On one of the desks, he found an old laptop with a task flashing on the screen:

❗ To restore the map, solve this:

You have a dataset that can only be used with gradient boosting — no neural networks, no fancy transformers.

But:
— Some parts of the data are missing or corrupted.
— It’s unclear how to handle these gaps efficiently.

Your task:
— Understand how to prepare and process this incomplete data;
— Train a gradient boosting model that still gives strong, reliable predictions;
— Piece together the fragments of the dataset... and of the map itself.
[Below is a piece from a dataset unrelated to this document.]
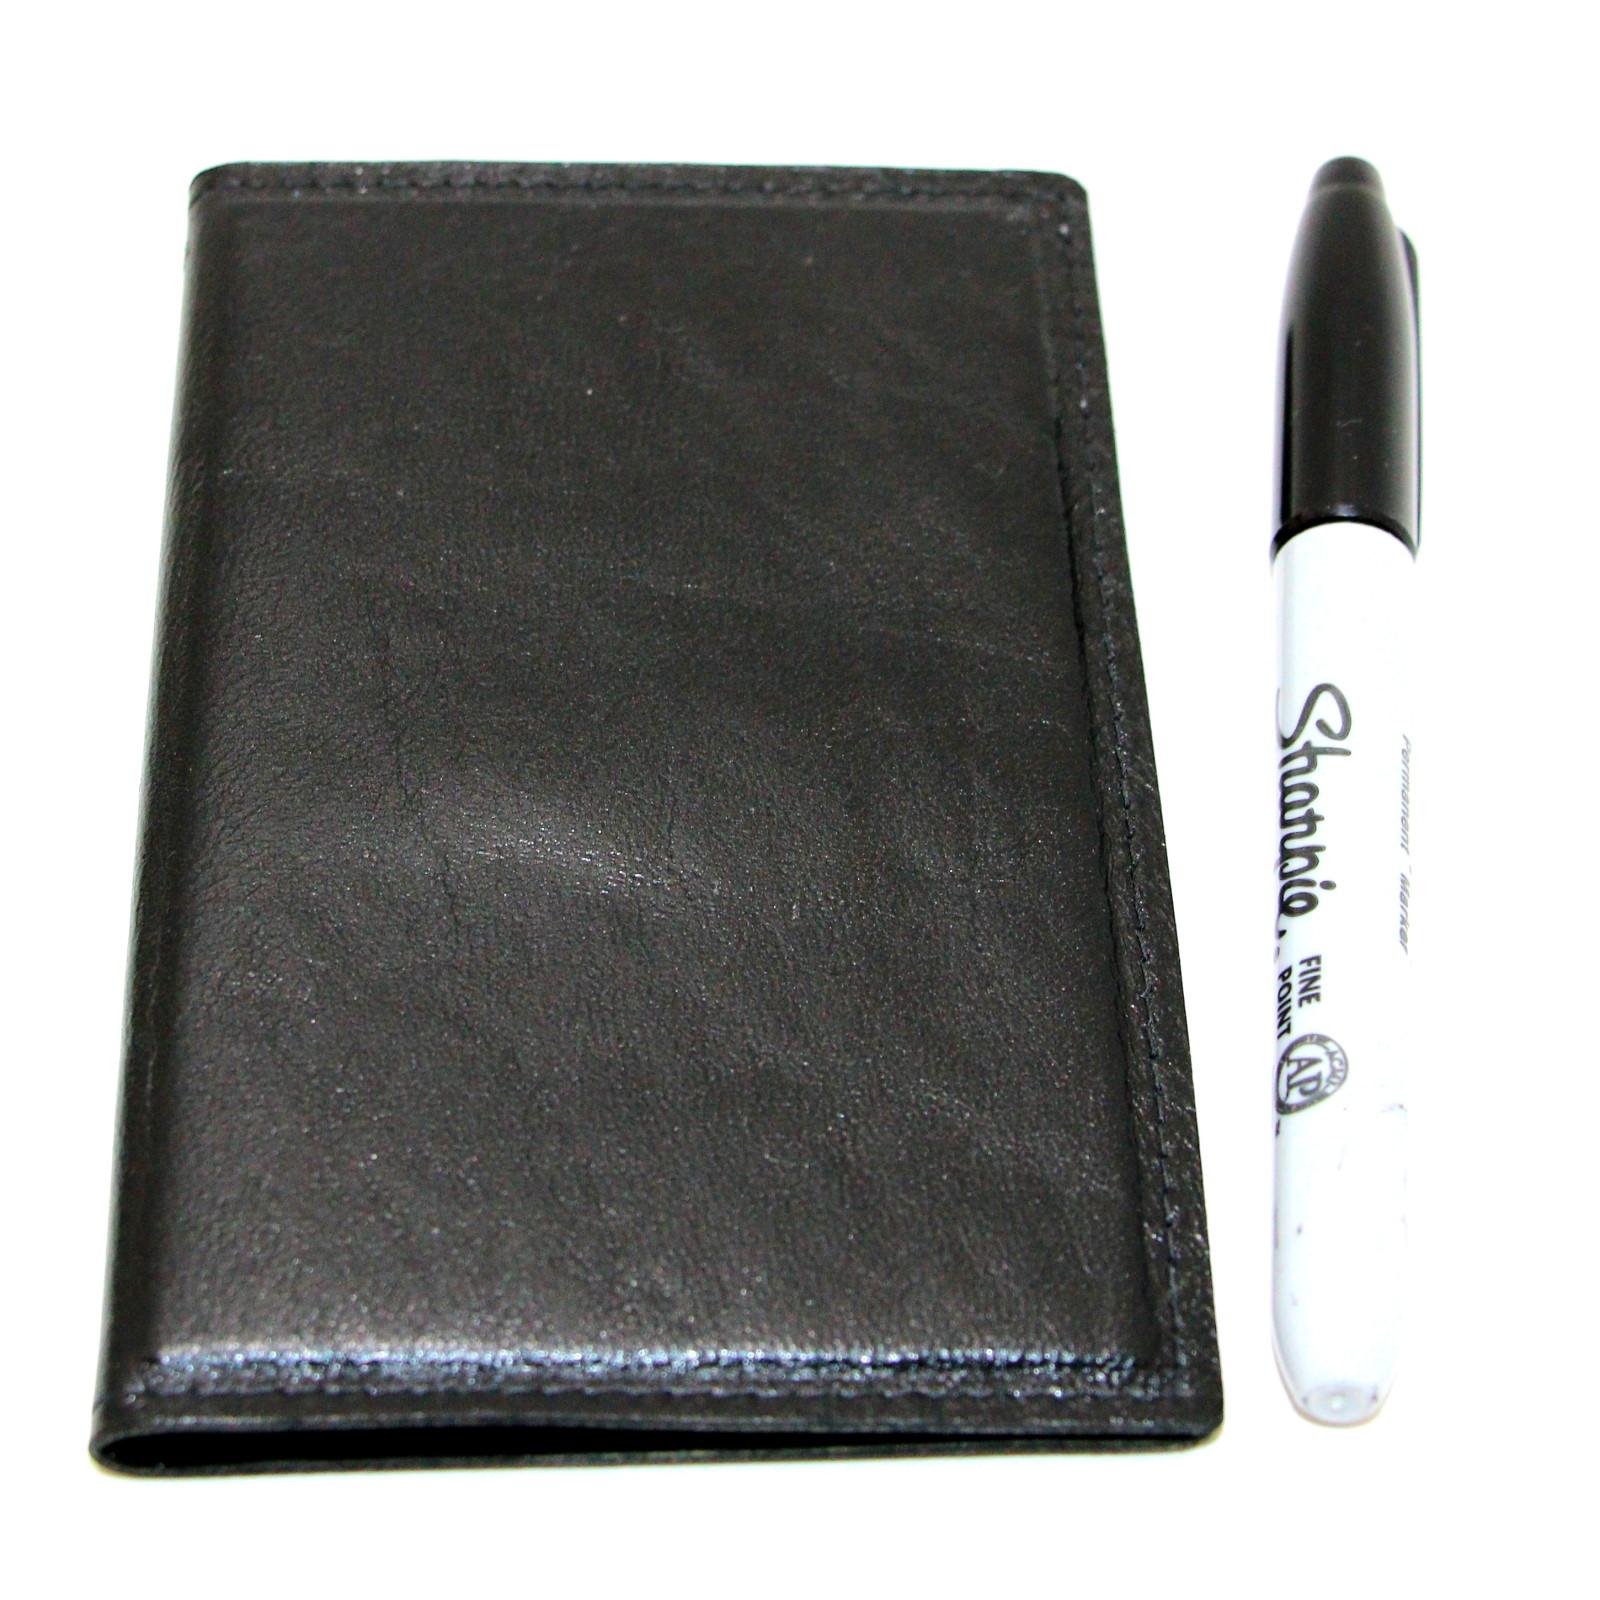 Gyp-Pad Wallet by Ray Piatt

Slava looked at the glass again. It was cold and real, and it was all he needed. But the way out was only through solving this task. He grabbed the laptop, started typing, and plunged into the world of data, determined to find a way to put this puzzle together.

"I’m going to have to make the choice," he whispered to himself, recalling a familiar line from The Matrix. "The red pill or the blue pill?"

But there was no turning back now.


## Overview

In this task you will have to solve a standard problem on tabular data. However, the final solution must be obtained using the function **clf_train**.

## Metric

squared [RMSE](https://en.wikipedia.org/wiki/Root_mean_square_deviation) 
$$ SCORE = (\sum_{i=1}^{n}{(true_i - predict_i)^{2}}/n)^{1/4} $$
* **true** - real value of target
* **predict** - your predict
* **n** - length of target

## Restriction

You cannot change the code of the **clf_train** function. You can only use submissions produced by this function. This function takes the following s input: training and test datasets with the features preprocessed by you, weights of target for training, id column for generating the sample_submission.csv and function for inverting the target. 

## Data

* **train_tables.csv** - train dataset with 9 numeric features, 3 datetime features and target
* **test_tables.csv** - test dataset with 9 numeric features, 3 datetime features and id for submission
* **sample_submission.csv** -  example of submission file with id coluns and target column that needed to predict.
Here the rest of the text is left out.